ASG - Blood Drive




When I find myself enjoying a new album, my brain likes to index it according to what I might do while listening.  Would I go running to this?  Scream along while driving?  Play it softly in the background while reading comics?  With so much new music out there, I need to determine pretty quickly how a record will fit into my life.  And my absolute top, best-of-the-best rating, what Pulp Fiction, Die Hard and Dark City are to my movie collection, is, “I’d listen to this while walking through the city on a gray, chilly evening, imagining myself as an inhabitant of some futuristic, post-apocalyptic urban landscape.”  Yes, it’s extremely specific, but I’ll tell you this:  if a piece of music has what it takes to secure that categorization in my personal ranking system, I’ve found a winner.  This is stuff that, if I could time-travel, I'd go back to 1981 and beg Ridley Scott to let me score Blade Runner with.  A few such recordings that reside in that canon for me are Ball of Molten Lead by Yob, rockets fall on Rocket Falls by Godspeed You! Black Emperor, and In Fiction by Isis.

At least three songs on ASG’s Blood Drive (Avalanche, Day’s Work, and the title track) make that cut, which is saying a lot.  I've also owed ASG a review since 2013. That summer, a few weeks after interviewing singer Jason Shi for a planned writeup on a new online music resource, my iPad with the interview recording on it was stolen.  I replaced it, but by then the record wasn't new anymore, plus my publication channel had pivoted from a music site into a hub for online multimedia collages that lost me at "multimedia," then lost me again at "collages."

Blood Drive is two years old, but you'd never know it, which is one of ASG's strengths‒2007's Win Us Over still has its fresh-from-the-factory sheen, too.  The notable difference between the albums are that Win Us Over was more of a straight-ahead rocker, whereas Blood Drive takes its time with a slower, thicker texture and some ethereal moments.  Crushing, mid-tempo behemoths are broken up by quieter sections and searing, knockin’-on-the-sky solos.

Shi himself is the most distinctive thing about ASG.  He began his frontman journey in snarling/shouting punk territory, but made the conscious decision to add clean-sung vocal melodies to offset the band’s massive riffage.  It’s fortunate that he did, because he has one of the purest upper-register voices I’ve ever heard cutting across such sludgy foundations.

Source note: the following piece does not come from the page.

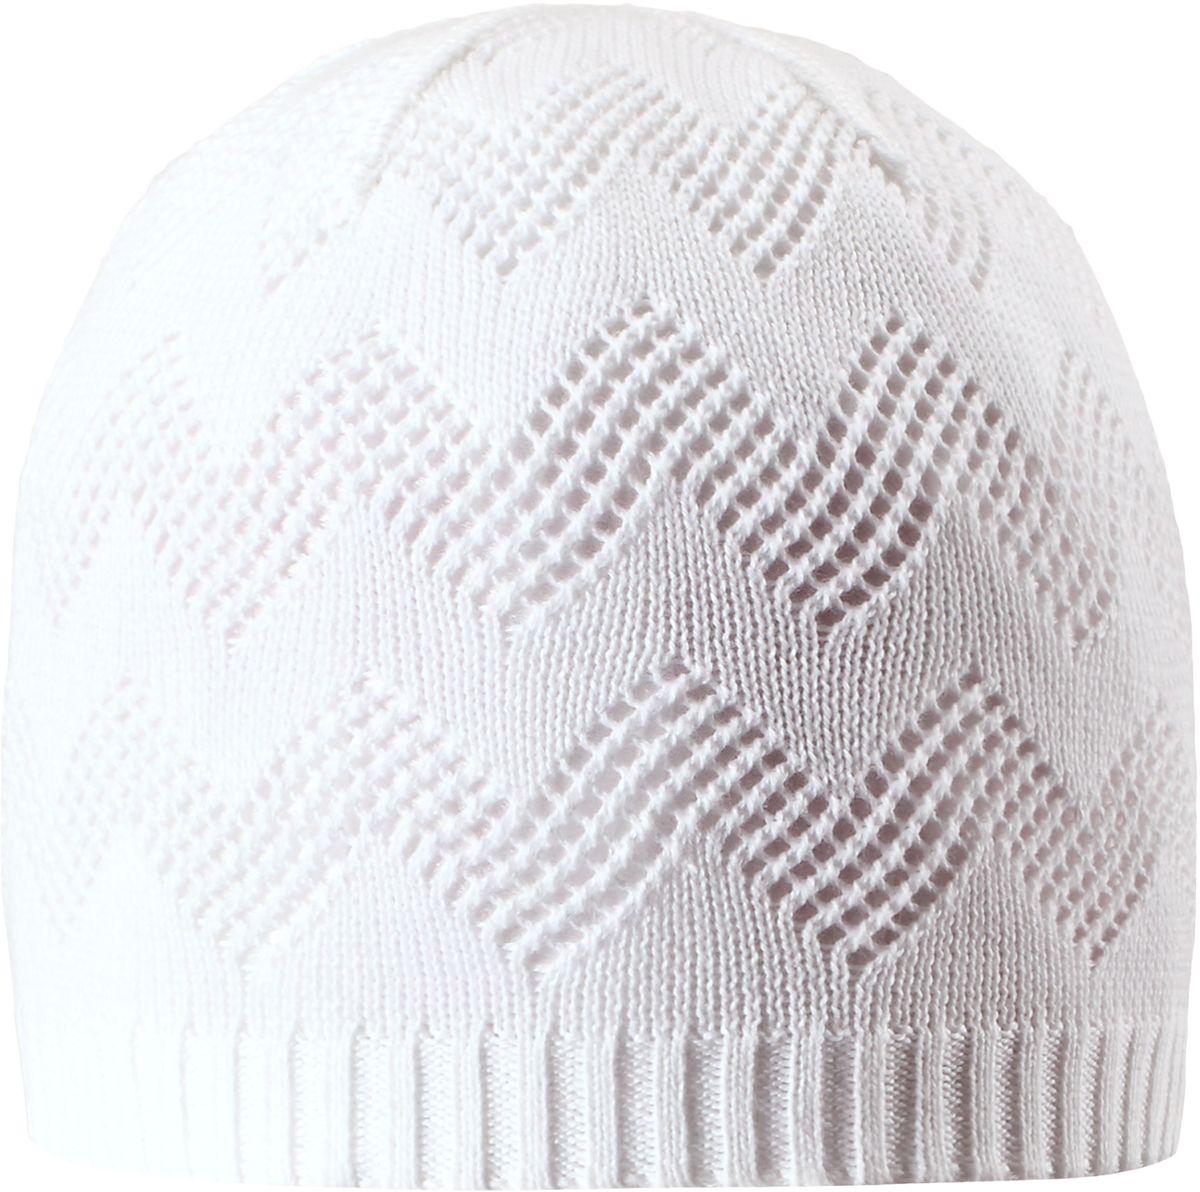 Шапка для девочки Reima Piranja, цвет: белый. 5285280100. Размер 525285280100Детская шапка станет превосходным выбором в межсезонье, в ней можно и поиграть во дворе, и прогуляться по городу. Изготовлена из мягкого и комфортного вязаного хлопка. Эта симпатичная облегченная модель без подкладки идеально подходит для солнечной погоды.

I feel like this band gets overlooked a bit, maybe in favor of their grittier cousins Red Fang or Torche, the latter of whom even Shi agrees has pretty much perfected the synthesis of soaring vocal harmonies and driving riff-dirges.  He's selling his own band short, though, if he doesn't think they're in the same league.

Blood Drive's twelve tracks cruise from warm Carolina blacktops to bleak concrete-and-steel dystopias.  They pummel you with glorious volume, gently help you to your feet, then crush your ass again.  It’s rustbelt America meets the used-universe future, simultaneously cathartic and transcendent.  I'm just glad I finally got the chance to write about it.

- MeteorJadd


Comments

Anonymous said…
Blood Drive by all accounts is a classic, it ranks with the greats. It is the kind of record, no matter how many times you hear it, new stuff comes to the front as if by magic. That is certainly what this record is, magic. Own it, listen to it, love it.